ORs in all models are compared with the reference category of non-hyponatremia group. ORs (95% confidence interval [CI]) include the following: prior hyponatremia, 0.927 (0.86, 1.00); recent hyponatremia, 2.018 (1.76, 2.32); persistent hyponatremia, 6.254 (3.27, 11.96).

The exclusion of the thiazide use from the model did not change the results even though it may be a potential confounder for the relationship between hyponatremia [18] and KS [19, 20] (S3 Table). We also examined this relationship with models excluding all patients on thiazide in order to prevent the possibility that some patients may have been put on thiazide prior to their KS diagnosis in our health system, which did not lead to changes in our conclusions (S4 Table).

Discussion

Following the first report of a correlation between BMD and KS by Alhava et al. [21], many studies have demonstrated that patients with KS have increased risks of low BMD, osteoporosis, and bone fractures [3, 4, 22–24]. CaKS is considered to be a multisystem disease [25], and various mechanisms can result in CaKS formation [26]. The potential mechanisms contributing to CaKS include both primary disorders of bone leading to increased bone turnover and primary disorders of urine Ca2+ transport, both of which would potentiate the risk for CaKS via increased urinary Ca2+ excretion. Asplin et al. suggested an increased risk for bone loss in individuals with KS, primarily those with hypercalciuria, possibly associated with enhanced bone turnover [27]. Thorleifsson et al. found that variants in CLDN14 (claudin 14) gene, a gene expressed in the kidney and involved in regulation of paracellular permeability at epithelial tight junctions, were associated with both KS and reduced BMD [28]. The primary defects relating to the variants were thought to be increased urine Ca2+ excretion.

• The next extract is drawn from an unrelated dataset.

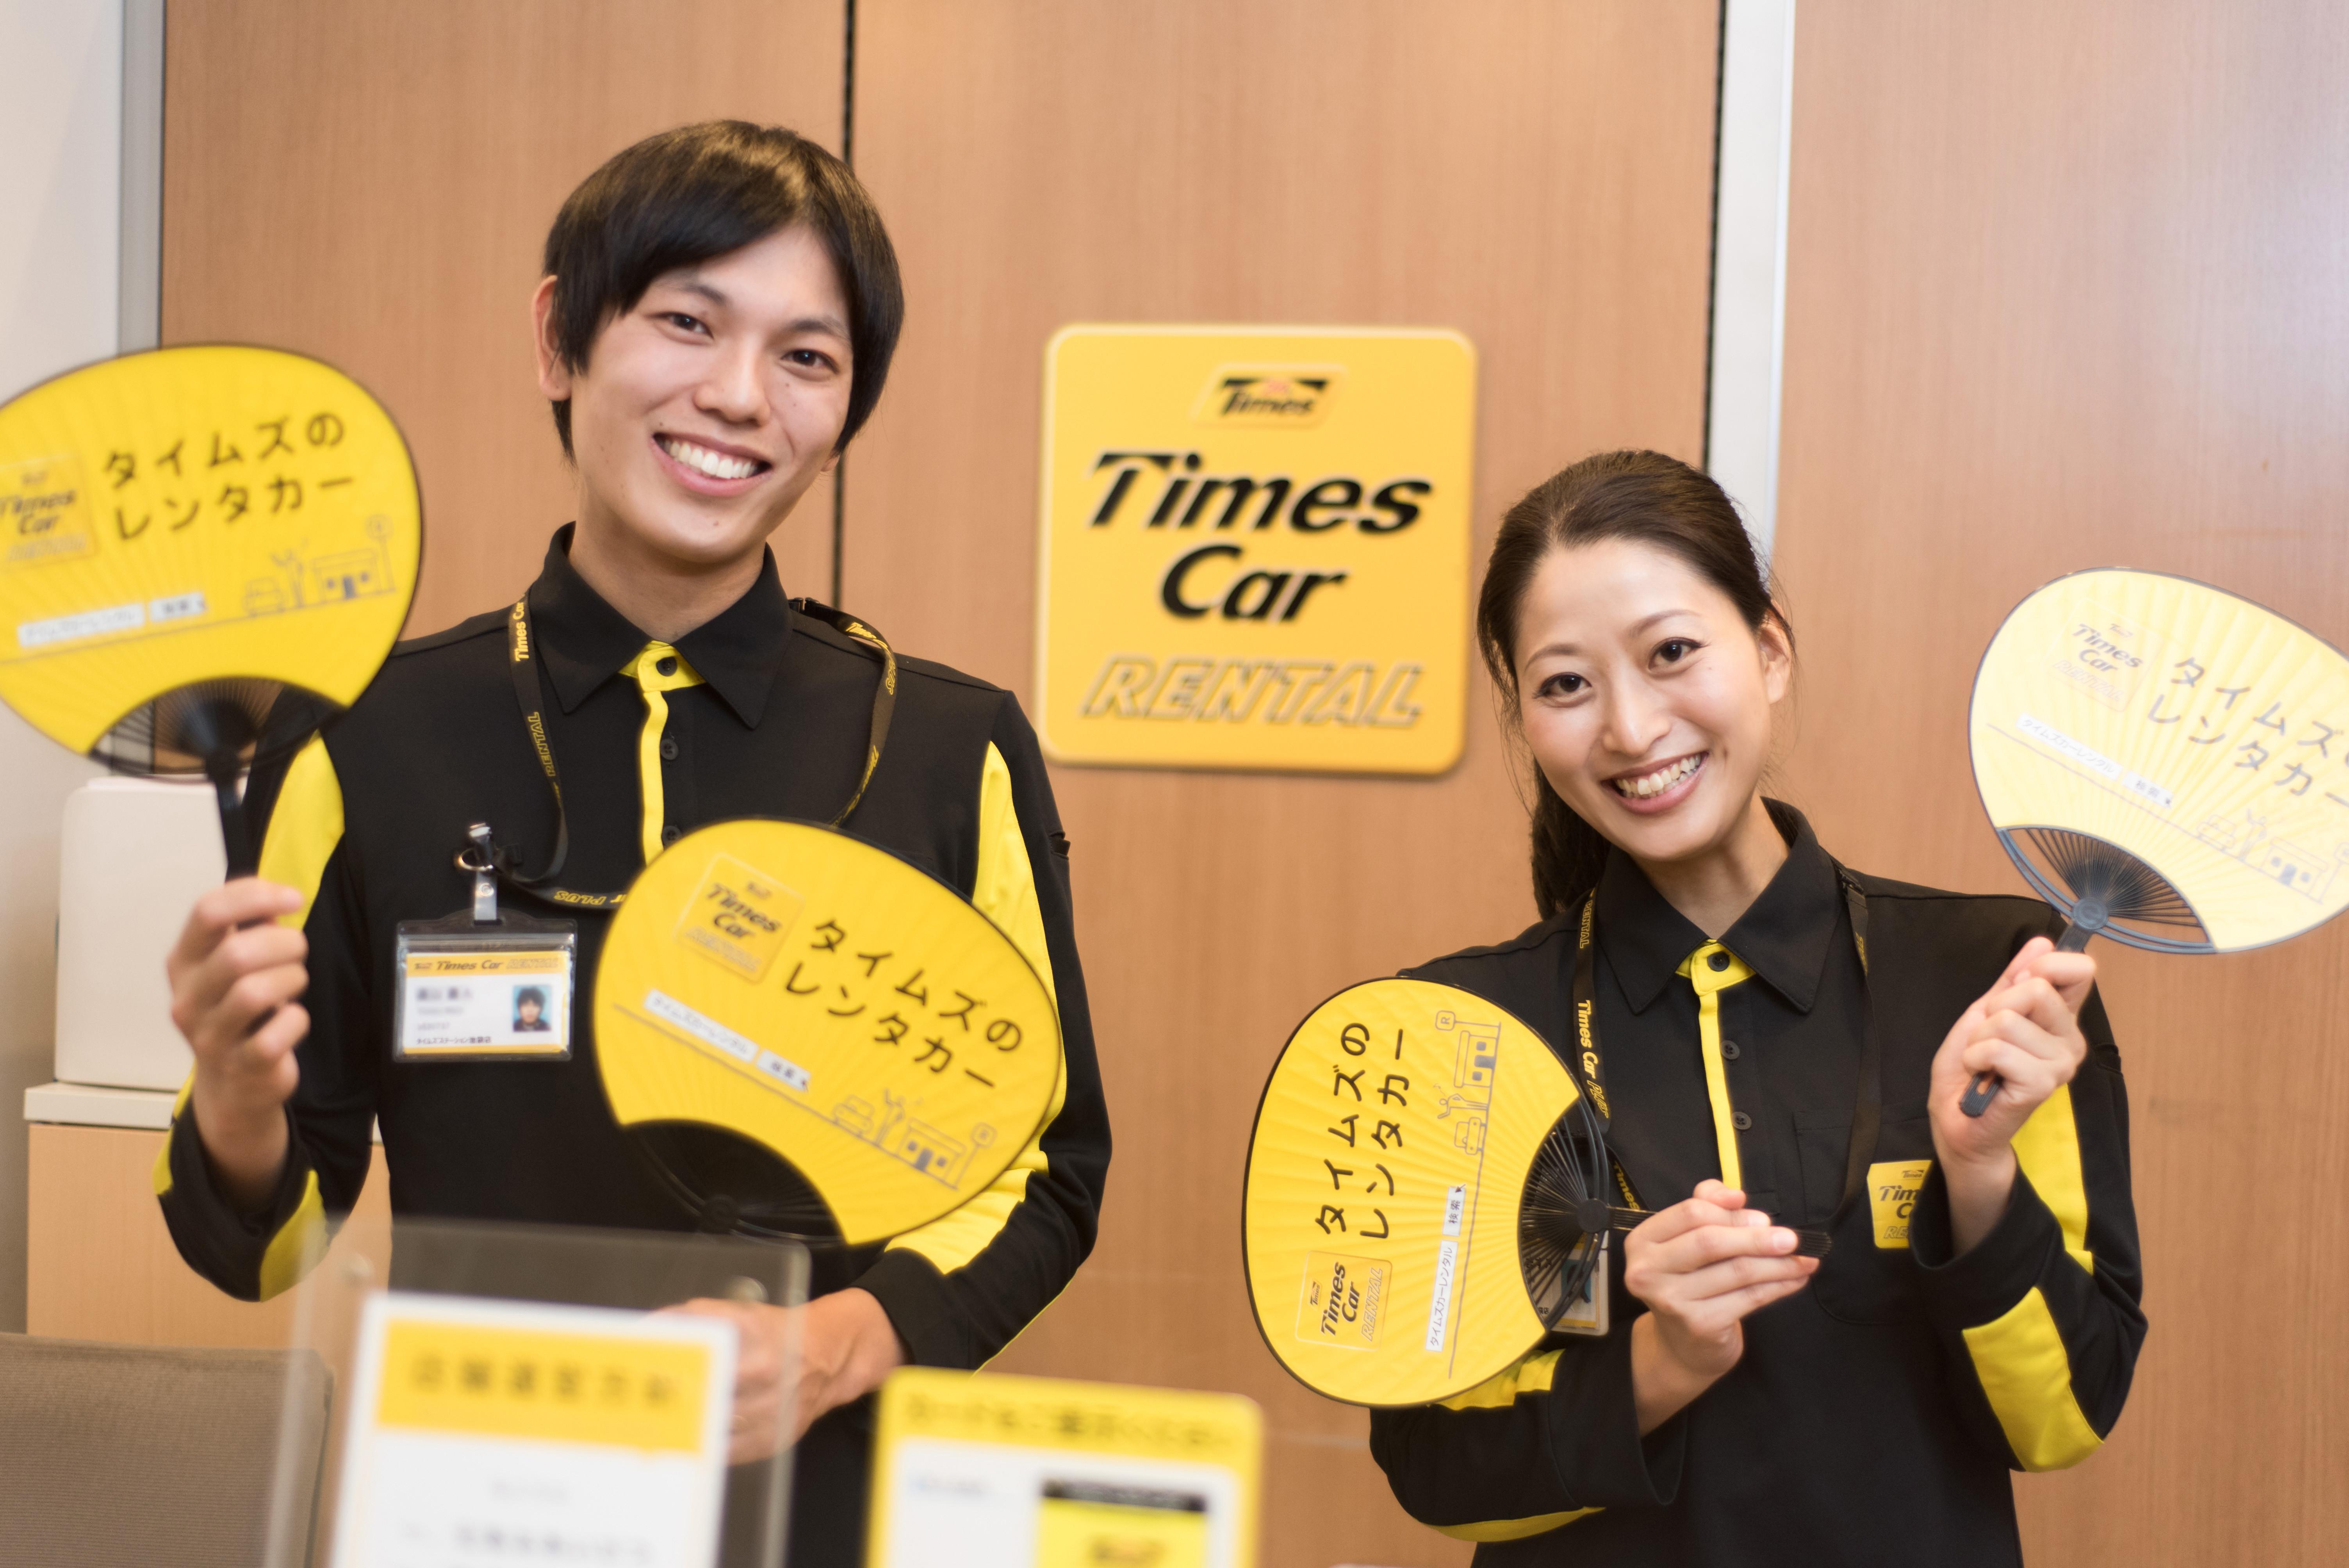 タイムズカーレンタル 屋久島空港店 のアルバイト情報

In addition to the above data on KS, many recent studies have indicated that hyponatremia is associated with osteoporosis and bone fractures [7, 8, 29–35]. Hyponatremia is the most common disorder of electrolytes encountered in daily clinical practice [17, 36, 37], and various complications are seen with both acute and chronic hyponatremia [38]. Although the mechanisms contributing to increased fractures in hyponatremic patients are multiple, including increased falls due to gait instability, the mechanism causing osteoporosis has been shown in animal models of hyponatremia to be due to osteoclast-mediated bone resorption [8, 39]. Increased bone resorption would be expected to lead to increased urinary Ca2+ excretion, which has been demonstrated in an animal model of hyponatremia [8]. Thus, it would be reasonable to postulate a possible association between hyponatremia and KS based on these data.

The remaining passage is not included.